Comment 1 Nigel Croxon 2022-09-22 13:25:37 UTC
I have a fix, but I need more testing time on different configurations.

As a workaround:

After this command "mdadm -CR  /dev/md/vol -l0 --chunk=16 -n2 /dev/nvme0n1 /dev/nvme1n1" is executed,
there will be a new file, in the filesystem under "/sys/block/md12x/md/sync_max"
Where the "md12x" will need to be replaced with the letter the filesystem created. My example will use md126.

The workaround is to echo "max" into this new file.
echo max > /sys/block/md126/md/sync_max

-Nigel

Comment 2 Nigel Croxon 2022-10-14 15:03:42 UTC
A fix will be coming via mdadm.

I have reassigned this bz to my coworker Xiao.
He will be the one pulling in upstream fixes for mdadm.

-Nigel

Comment 3 kinga.tanska 2022-10-20 12:01:19 UTC
Hi,

I've sent fix to upstream review (https://marc.info/?l=linux-raid&m=166626666516136&w=2 ).
I will post comment here if patch will be taken into upstream.

Kinga

Comment 4 XiaoNi 2022-11-15 08:57:20 UTC
(In reply to kinga.tanska from comment #3)
> Hi,
> 
> I've sent fix to upstream review
> (https://marc.info/?l=linux-raid&m=166626666516136&w=2 ).
> I will post comment here if patch will be taken into upstream.
> 
> Kinga

Hi Kinga

I can't open the link in comment3. 

Is it the right patch to fix this bug:

[PATCH v2] super-intel: make freesize not required for chunk size migration

This patch hasn't been merged by upstream.
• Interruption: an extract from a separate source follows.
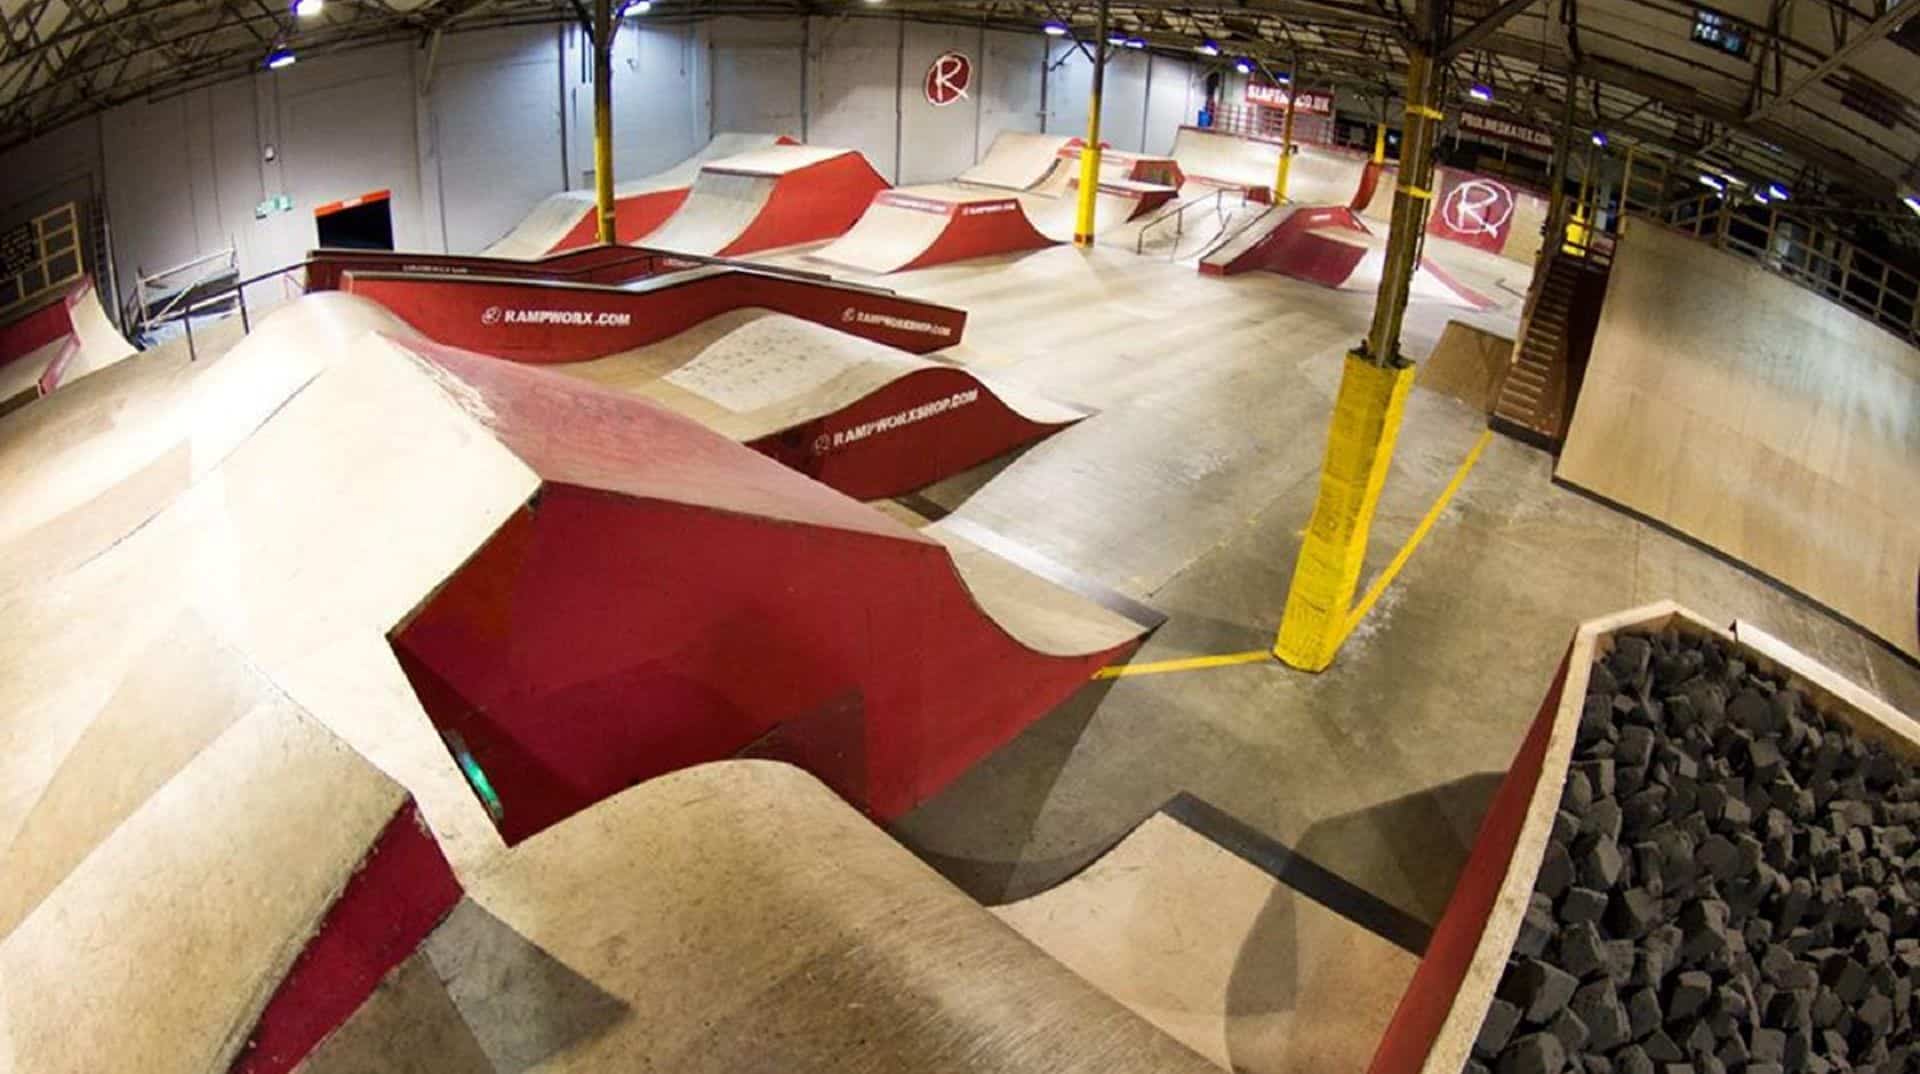 Rampworx Skatepark in UK

There is a risk that this bug
can't be fixed in time. From the description, it should not affect the
normal use, right? If so, can we push this to 8.9? 

Thanks
Xiao

Comment 5 kinga.tanska 2022-11-15 11:18:03 UTC
Hi,

yes, the patch that you mentioned fixed it, and it is not yet merged.
It affects few scenarios of reshape, but not the normal use. It's ok to not have it in 8.7.
I hope that it will be merged soon and pushed to 8.8 and 8.9.

Regards
Kinga

Comment 9 XiaoNi 2023-01-06 13:50:01 UTC
*** Bug 2141042 has been marked as a duplicate of this bug. ***

Comment 10 Fine Fan 2023-01-19 09:24:41 UTC
mdadm-4.2-7.el8 has pass the sanity test.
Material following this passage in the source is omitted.